Music News Digest, Jan. 30, 2019
Bluesman Steve Strongman (pictured) wins in Memphis, Canadian Music and Broadcast Industry Awards nominations open, and a coup for Citadel Theatre. Also in the news are Stompin’ Tom Connors, CMW, Devin Townsend, Pandora, Sirius XM, and farewells to Ray Walsh and James Ingram.
By Kerry Doole
Nominations are now open for the 2019 Canadian Music and Broadcast Industry Awards. Industry trailblazers and outstanding professionals are celebrated annually at the Awards. To be considered, companies are encouraged to submit their nominations here. The deadline is March 11.
– Nominations are also now open for the Allan Waters Young Broadcaster of the Year Award in Honour of Steve Young. Presented at Canadian Music Week, this is the 11th annual award to recognize Canada's outstanding young broadcasters, many of whom have gone on to big successes since receiving the award. The deadline for submissions is March 11.

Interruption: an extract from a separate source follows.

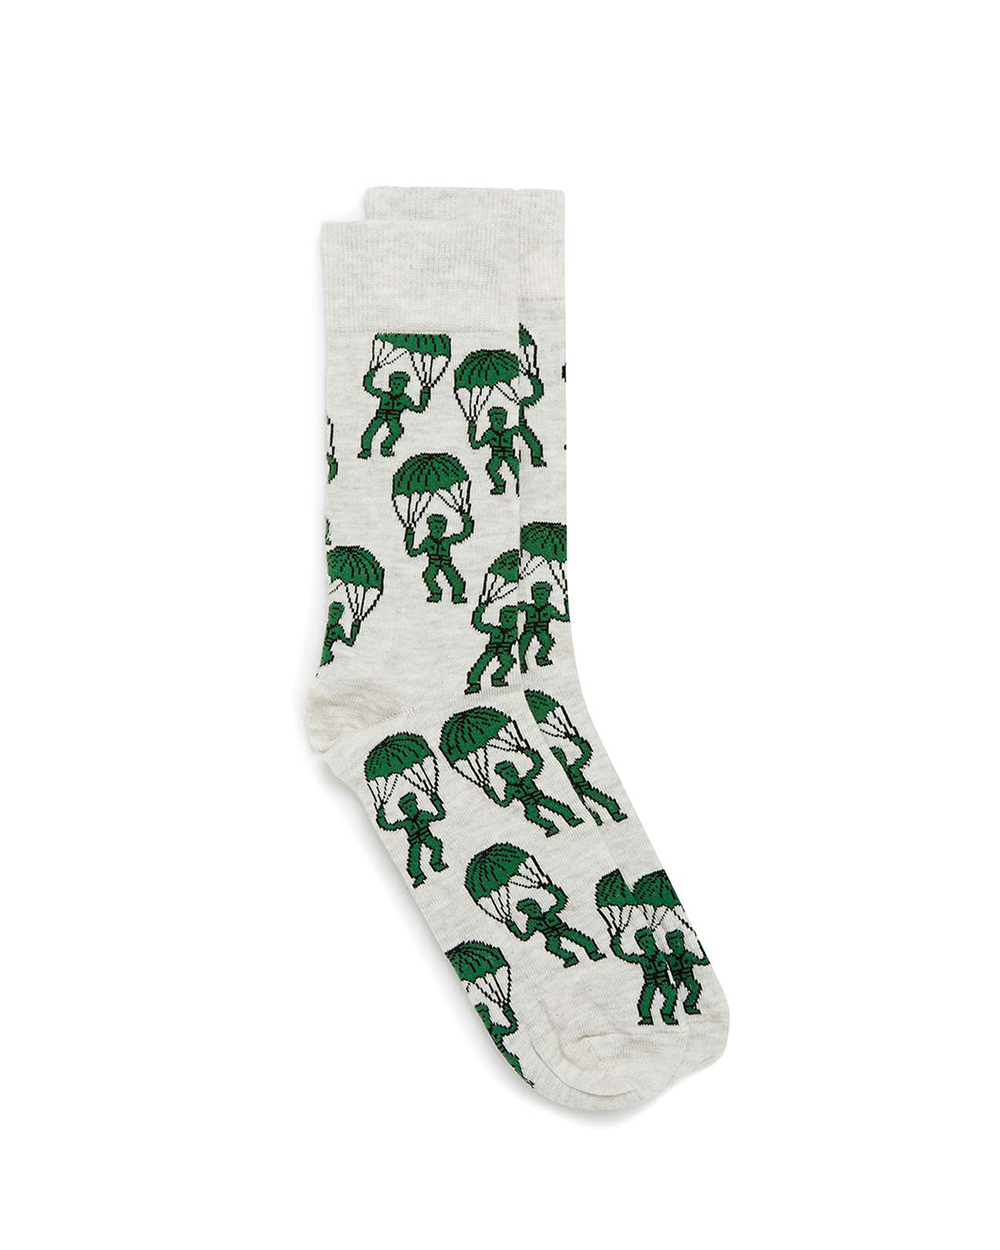 Topman socks, $7.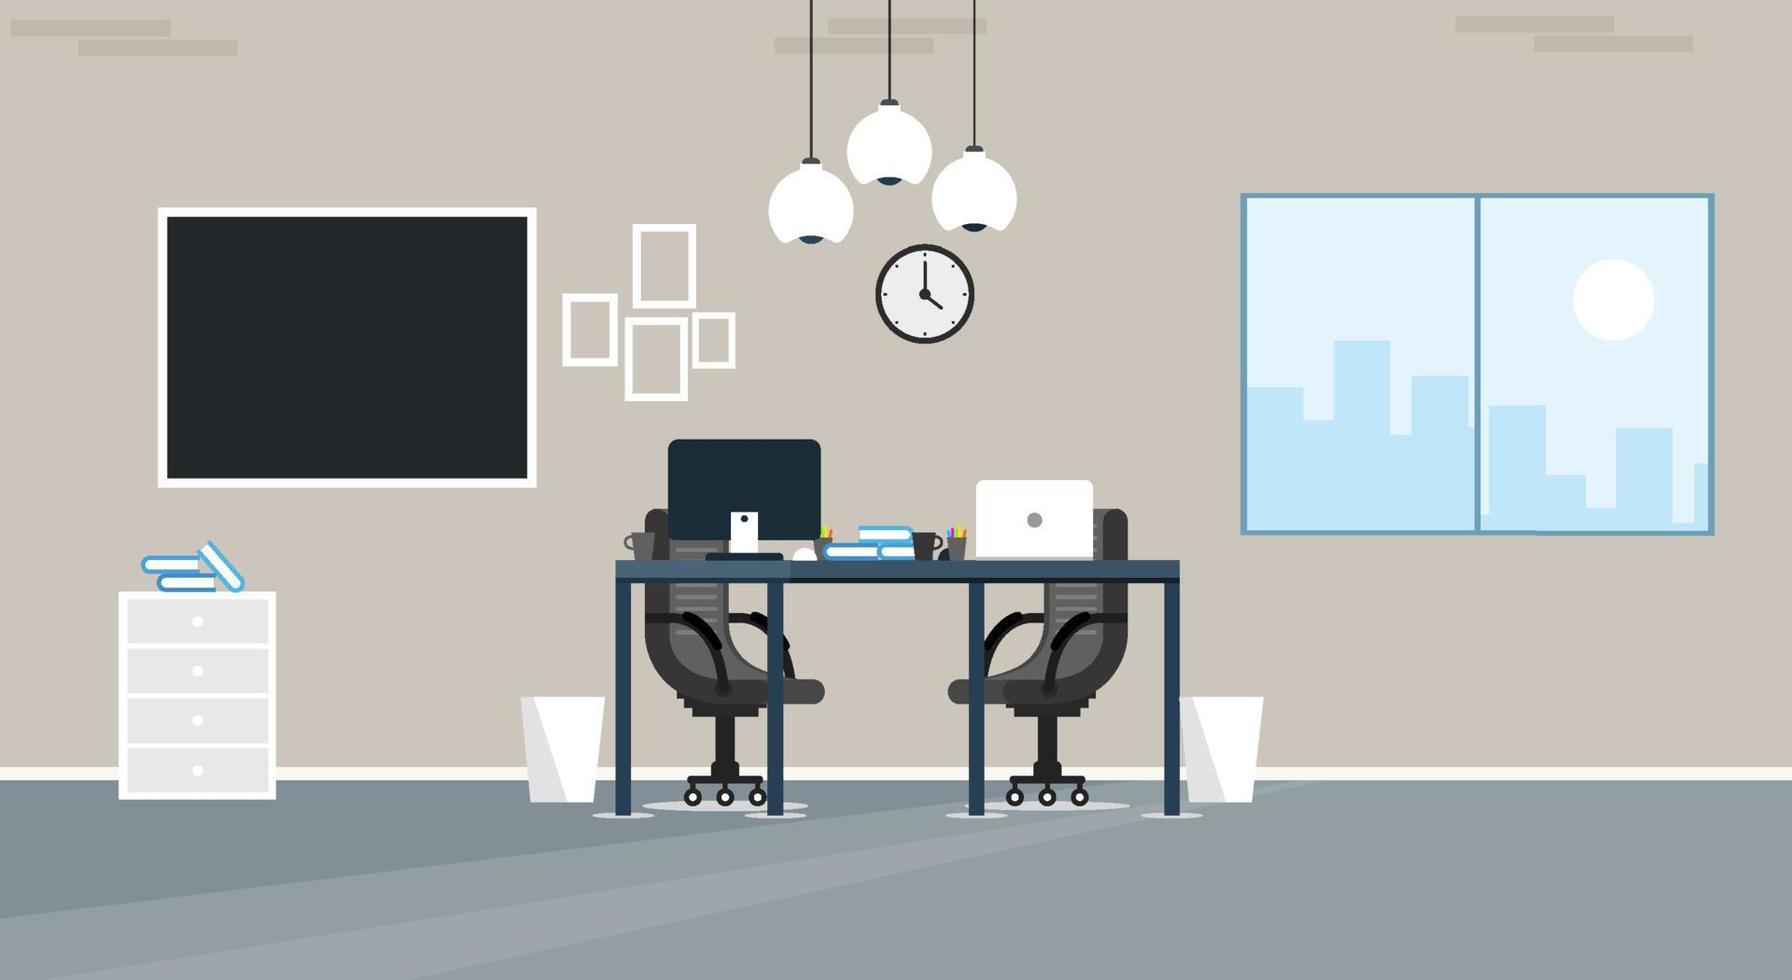 apprendre et enseigner le bureau d'affaires pour travailler à l'intérieur moderne, armoire de bureau avec illustration vectorielle colorée d'ordinateur dans la conception de vecteur de style dessin animé plat

– Canadians fared well at the International Blues Challenge in Memphis last week. Representing the Grand River Blues Society, Hamilton guitar slinger Steve Strongman made it to the Finals and won the Memphis Cigar Box Guitar Award. Justin Saladino and Jack DeKeyzer reached the semi-finals. Upon his return to Ontario, De Keyzer learned that his album Checkmate is nominated for a Juno Blues Album of the Year award.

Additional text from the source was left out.